(Exercise prompt) A word-for-word copy of the data is what's wanted, with no pictures.

(Dataset extract)
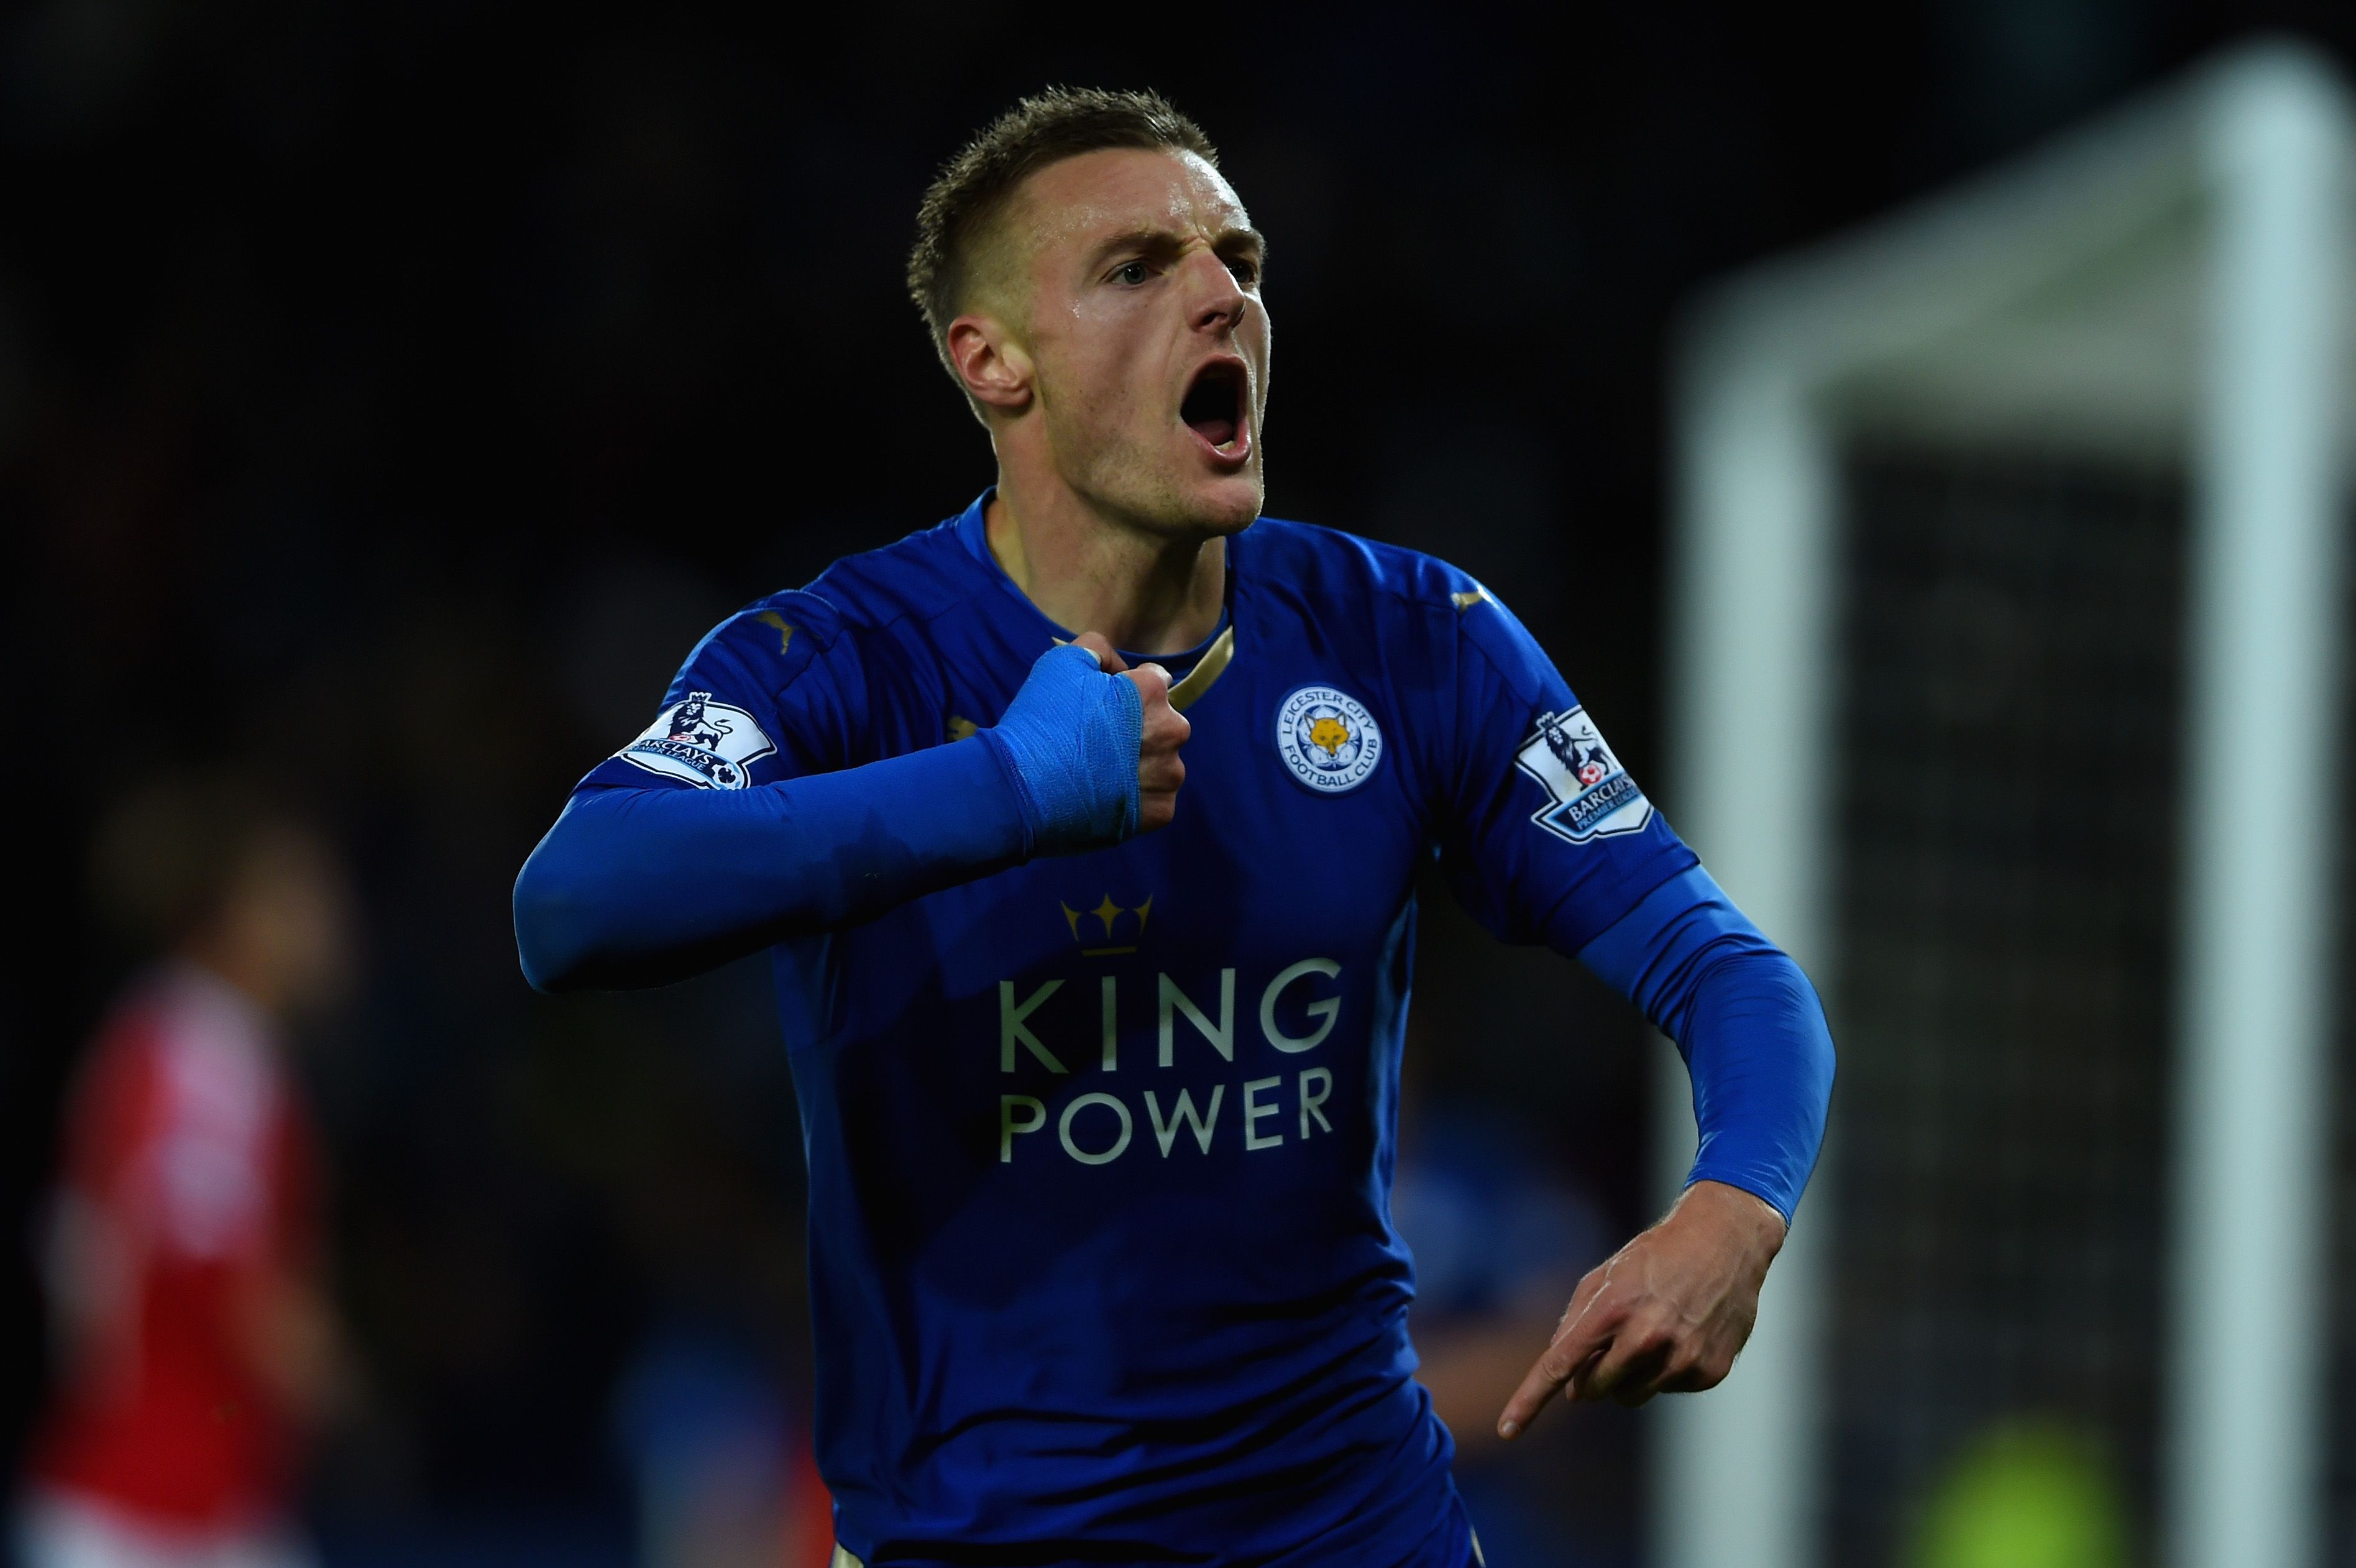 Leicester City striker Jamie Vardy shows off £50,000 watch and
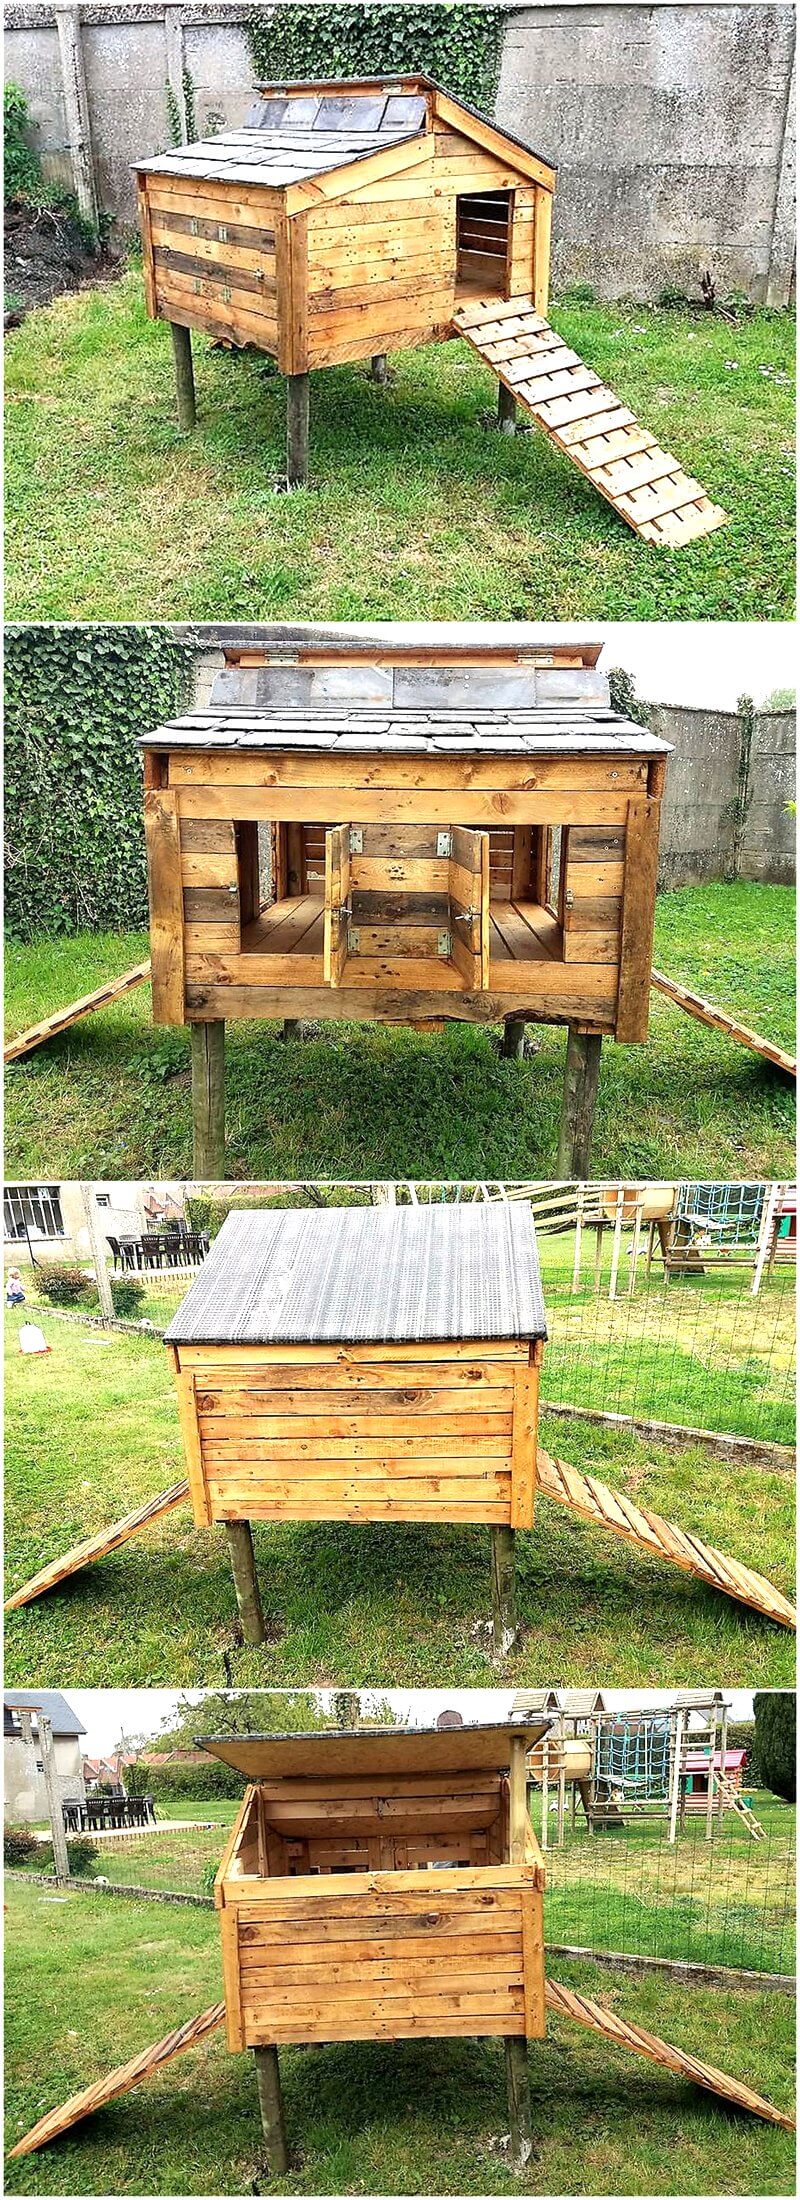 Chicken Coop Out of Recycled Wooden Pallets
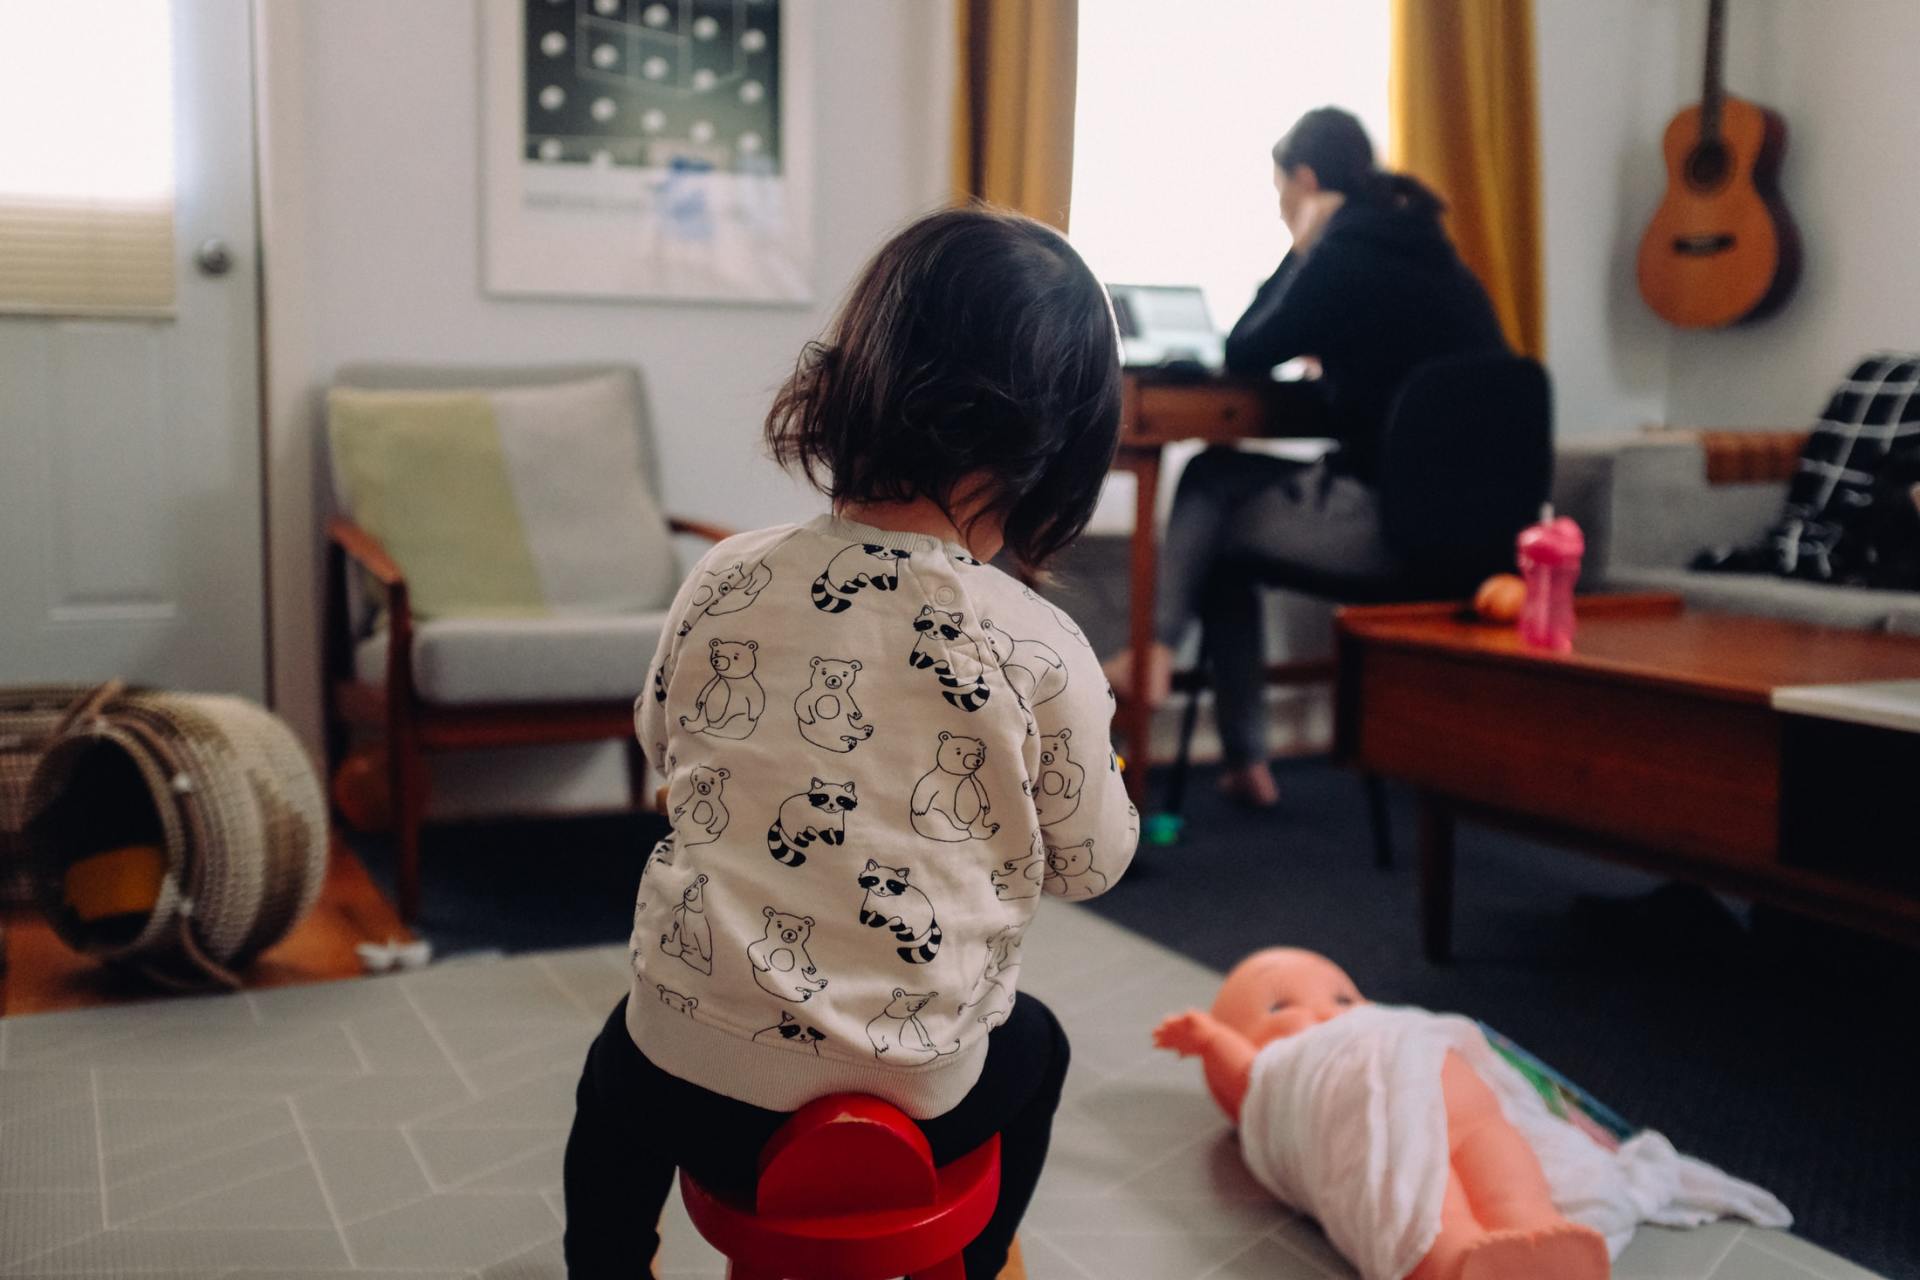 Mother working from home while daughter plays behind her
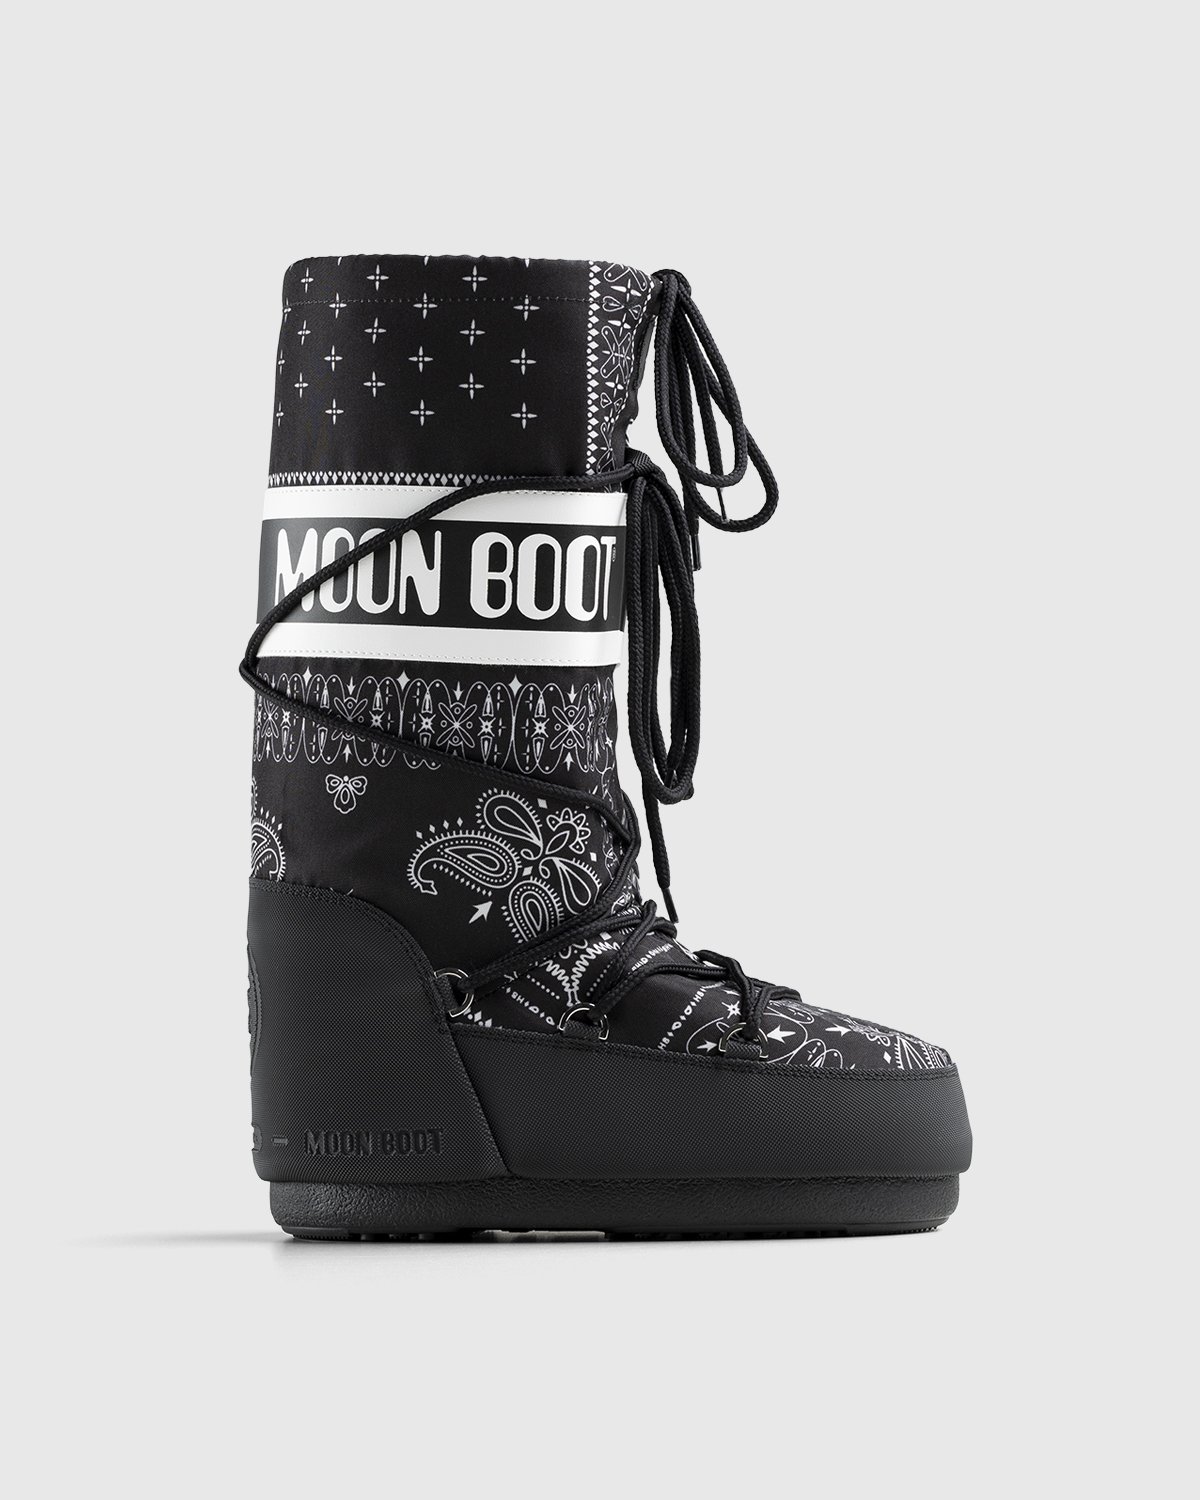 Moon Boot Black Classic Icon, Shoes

(Solved problem)
 Leicester City striker Jamie Vardy shows off £50,000 watch and
 Chicken Coop Out of Recycled Wooden Pallets
 Mother working from home while daughter plays behind her
 Moon Boot Black Classic Icon, Shoes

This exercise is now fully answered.